As described in the introduction, the fact that equilibrium prices are increasing in the auctioneer’s announced valuation can be understood in terms of the aforementioned linkage principle.Footnote 5 Although not derived in the context of the above model, the reasoning can be understood as follows. In a nutshell, the linkage principle states that if an auctioneer is able to credibly commit to any information revelation policy, he can do no better than to truthfully reveal all available information to the bidders prior to the auction. This principle holds for several auction formats such as English, second price, first price and others. In consequence, if the auctioneer’s estimate increases, the bidders believe the auctioned object to be of greater value and thus rationally increase their bids.

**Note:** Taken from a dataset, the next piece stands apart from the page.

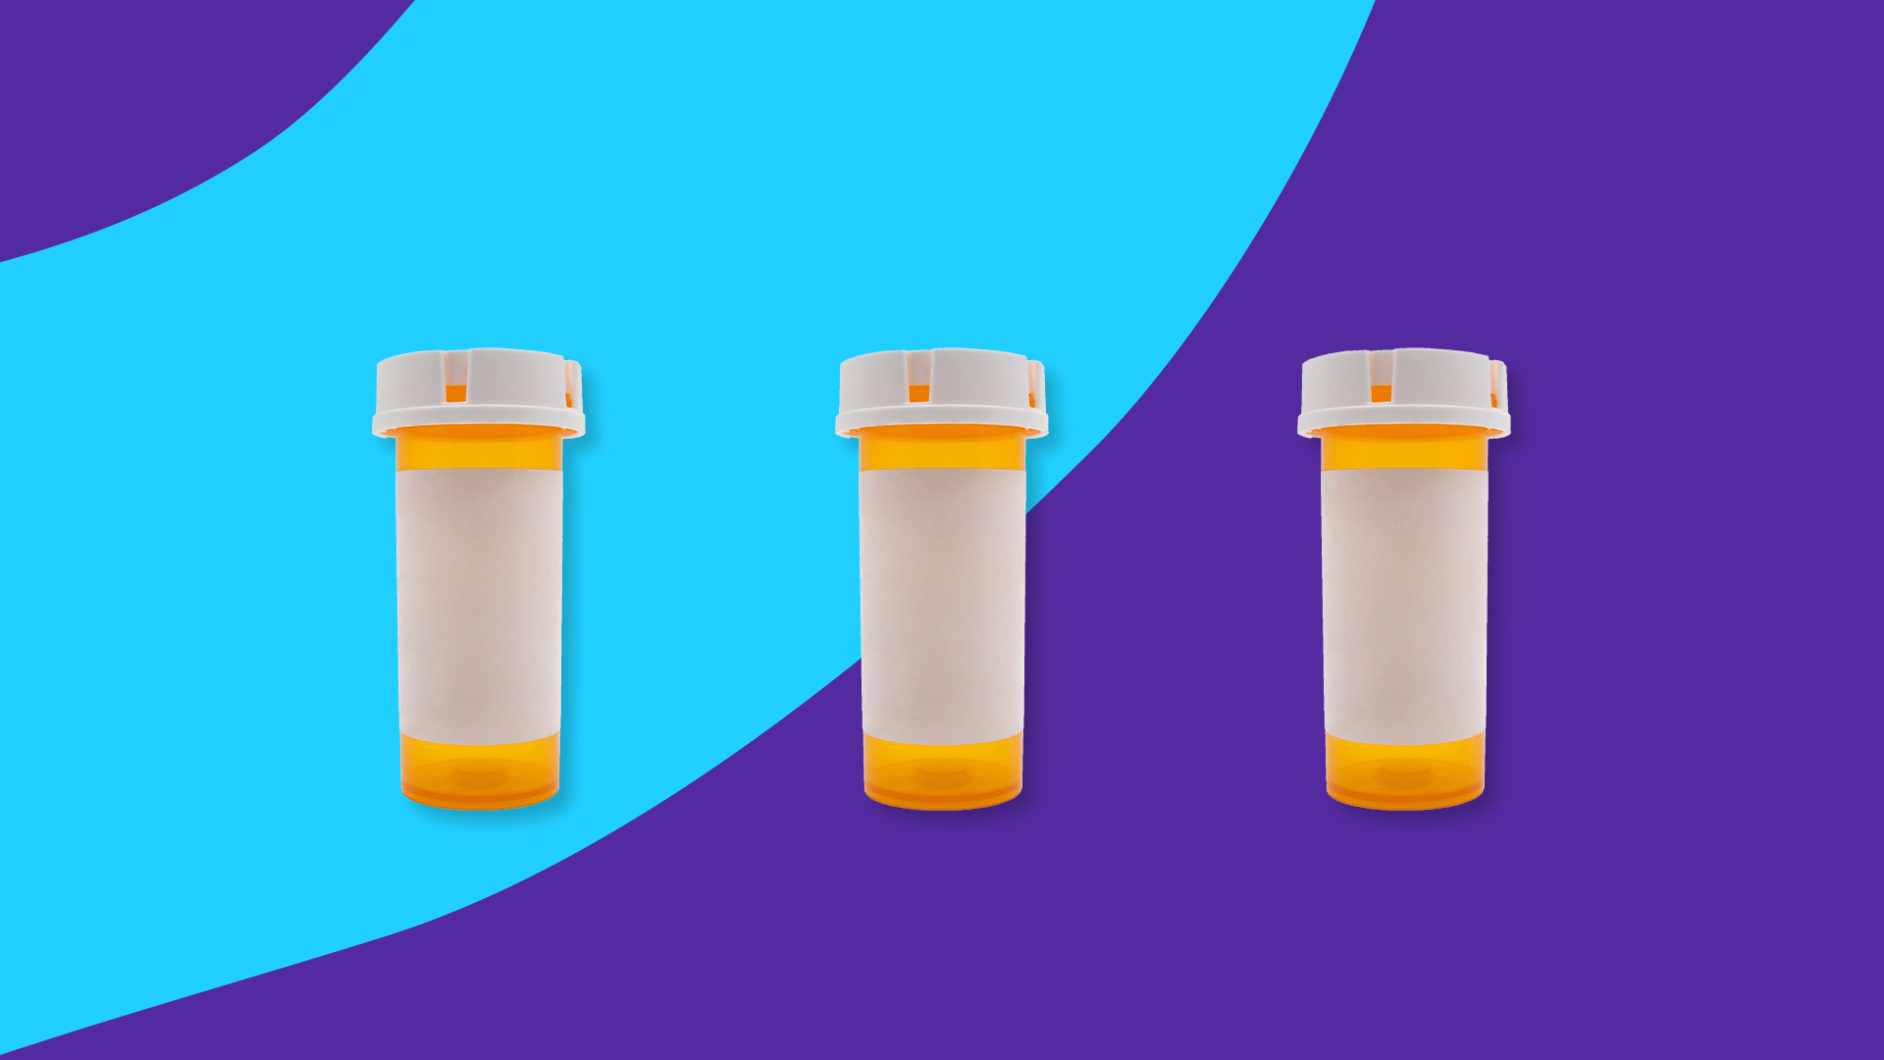 Rx pill bottles: Methylprednisolone (Medrol) alternatives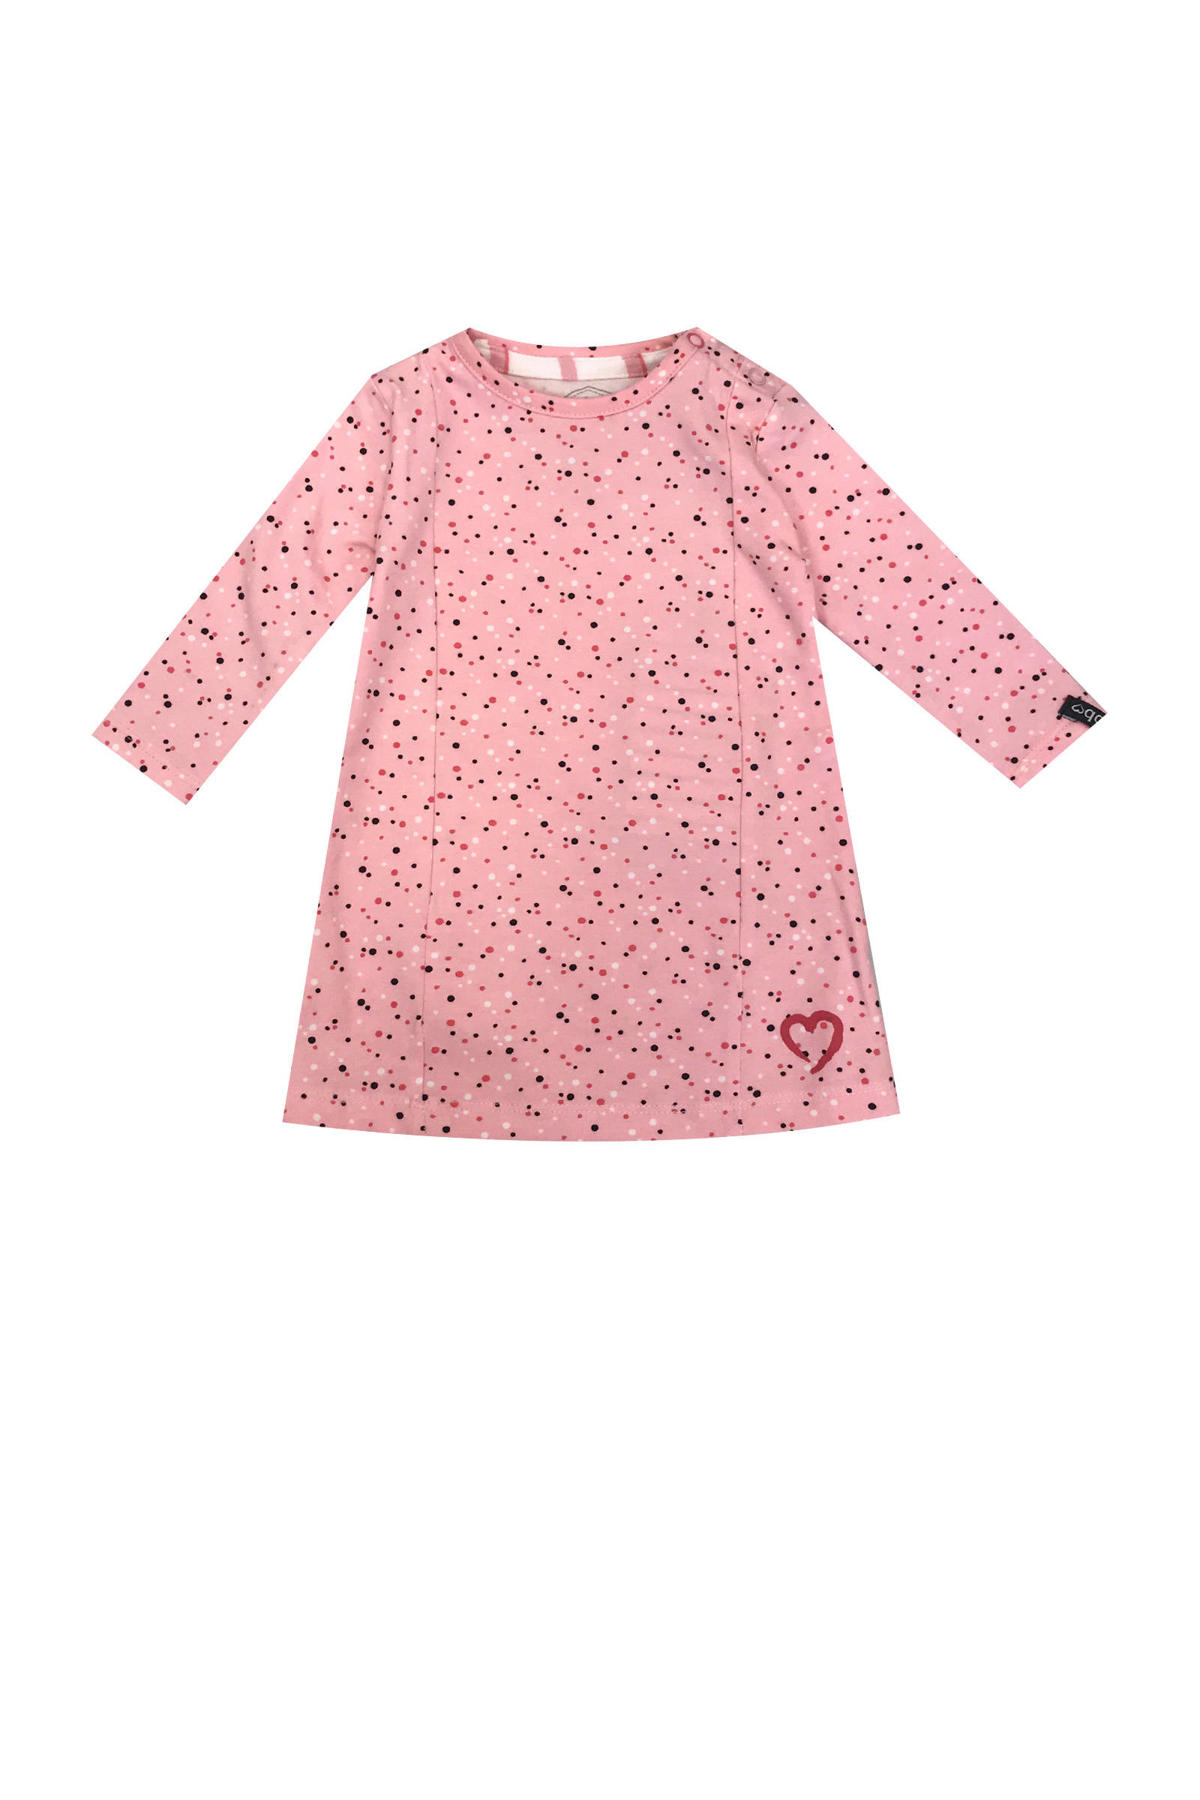 ik wil Ineenstorting Hinder Beebielove newborn baby jurk met stippen roze | wehkamp

In this way, the linkage principle yields exactly the relationship between estimates and equilibrium prices identified in the data by Mei and Moses (2005).Footnote 6

Last, the English auction format has been assumed in the above analysis for expositional simplicity and because the data analyzed by Mei and Moses (2005) was generated by English auctions. The results would continue to hold for the second price auction as well as for the first price auction under the additional assumption that signals are independent across periods.

4 Discussion

In this paper, we revisit recent empirical research on auctioneer estimates and their reported adverse effects on bidder returns. We argue that elementary results in auction theory yield predictions consistent with such empirical findings, thus casting doubt on the validity of the claim that buyers are fooled by the information provided by interested sellers. In contrast, we believe that the empirical findings can serve as an indirect test of some of the basic tenets of auction theory, among them the notion that bidders are fully rational and cannot be misled in equilibrium.

The interesting question of buyer credulity remains valid though. The difficulty in showing buyer gullibility is that the signs of the price changes that could potentially show that bidders are misled are, as we have shown, the same as those predicted by a model of fully rational agents. This means that it is insufficient to look at the signs of price changes and that the magnitude of these should be more closely studied. In conclusion, evidence of bidder credulity should be provided by showing that the price reactions to publicly announced auctioneer price estimates are significantly over and above the levels predicted by the assumption of rational behavior. Empirically implementing such a study would be interesting and is left for future research.

Our analysis also carries lessons for markets for other assets than fine art, as nothing in our model is particular to the art market.